Mayonado gave a great lecture pertaining to biotechnology and his experience within the company. Although I may not have understand all the technical science in his presentation, the one point that stuck out to me was that he never has the same work day. Things are always changing, and that is innovation something that excites me as a future producer.
I really enjoyed Mr. Mayonado’s lecture he gave on 11-12-18. He talked about Monsanto being bought by Bayer and how it was weird for him after working for Monsanto for 30 years but that it ultimately needed to happen. I learned that mergers happen to make the world more efficient meaning that more product can be produced while also saving money. It reminded me of my agricultural economic classes; if country A can make something for cheaper than country B and country B can make a different product for cheaper than country A, the two countries will trade those products and won’t spend extra money trying to produce it themselves. Monsanto is a huge seed breeding company that uses genetic technology to get the traits they want. I always thought that after I got my PhD that I would want to work for a company like Monsanto and after this guest lecture I definitely want to.
In listening to Dave speak on all that has changed in agriculture and in the company he works for, Bayer, he focused on four main topics as the beginning of that change. This change was based around tools used to control agricultural pest and managing them. The first of these changes was labor. In the beginning of agriculture labor was highly reliant on animals to pull the tools they needed to plow the fields, followed by someone pushing the tools. In order to collect these crops large groups of people, often families, went out to their crops and would pick one plants that were ready to be harvested. In todays world we are heavily reliant on machinery and fewer people in order to harvest crops. The second main step in this change was mechanics. Steel was a main part to this change, as it became more of a reliant for farmers and their families and yields to the increase of agriculture during the early days.
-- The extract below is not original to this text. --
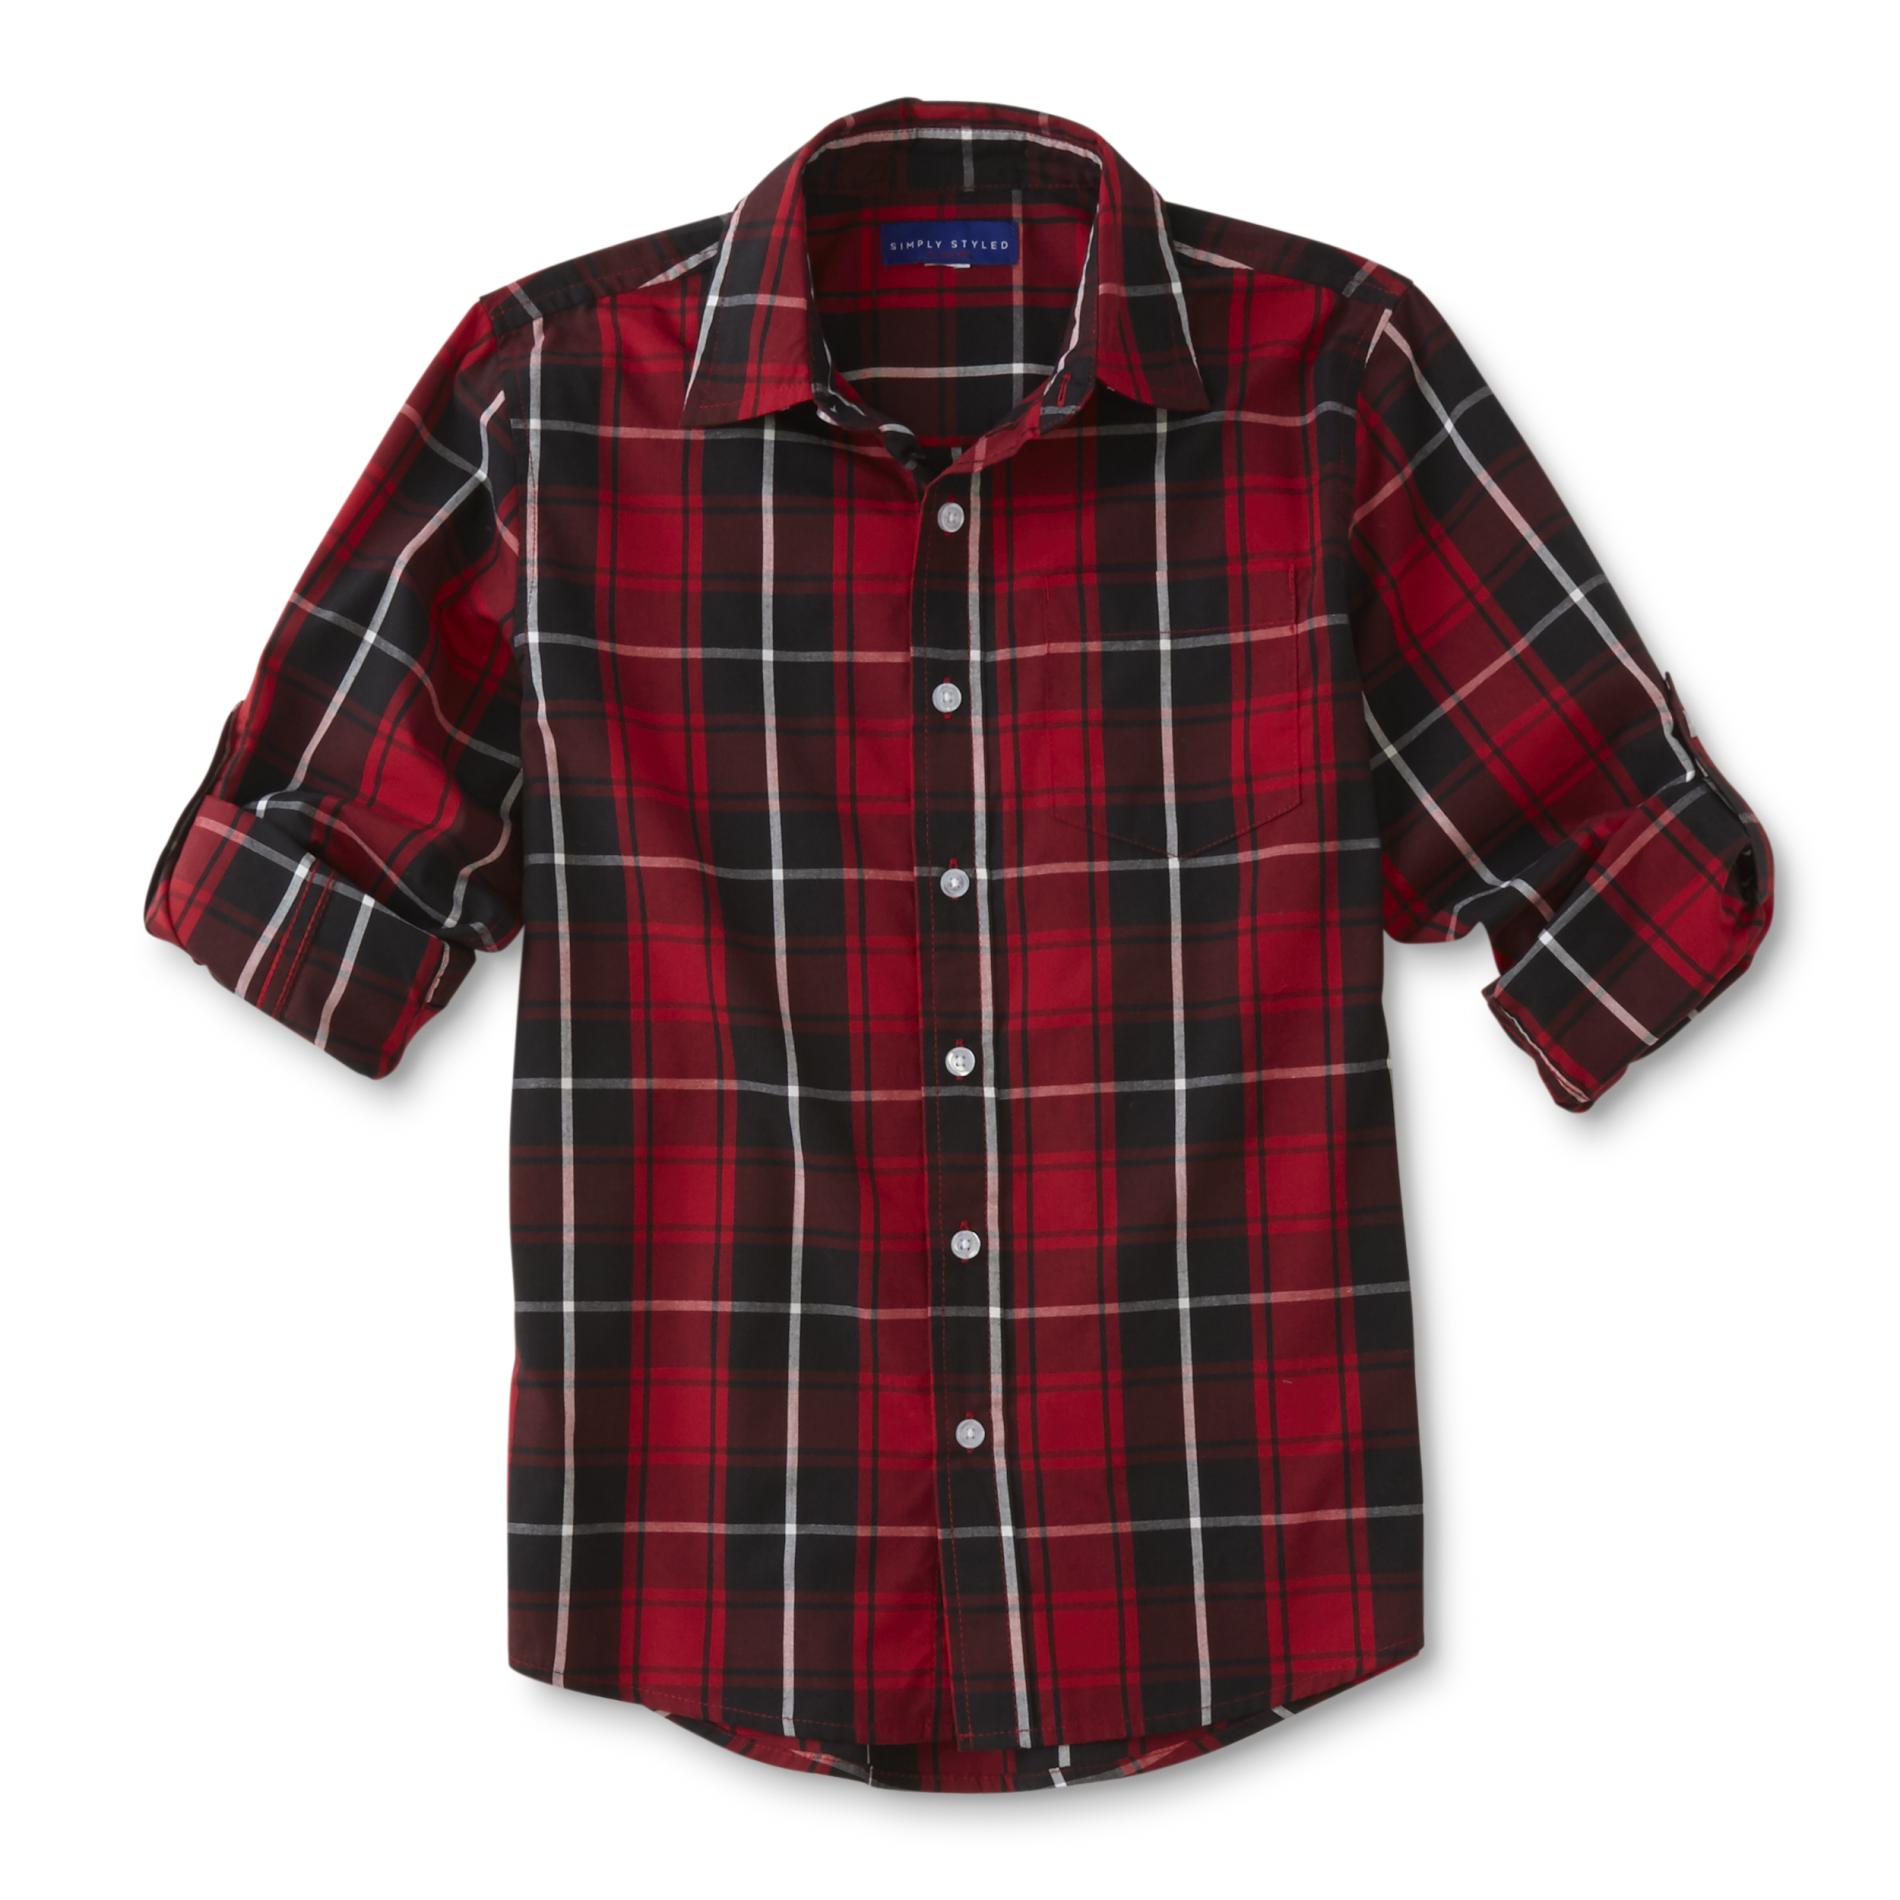 Simply Styled Boys' Button-Front Shirt - Plaid

This is what evolved the industry to become more reliant on machinery and allowed the industry to begin the era of tractors. The third piece that impacted early agriculture was the use of chemicals, where they would use small molecules in order to aid to the crops. This allowed chemicals to protect the plants and repel the pests that may be ruining or have the potential to ruin a crop. This was also a time point of no till and chemicals greatly affected this. The final piece to impact agriculture pest management was the biological aspect, where we began using things like GMO’s to give us higher yields using less input. This was also a time of CRISPR (where you can isolate a certain gene) and RNAi (when you could shut off certain genes) which greatly impacted the ability for a farmer to produce more food and to gain higher yields, all to benefit the consumer. Without listening to Dave speak on how important these factors became in the field of agriculture, it could be difficult for one to think back on crop production and to realize just how far it has come.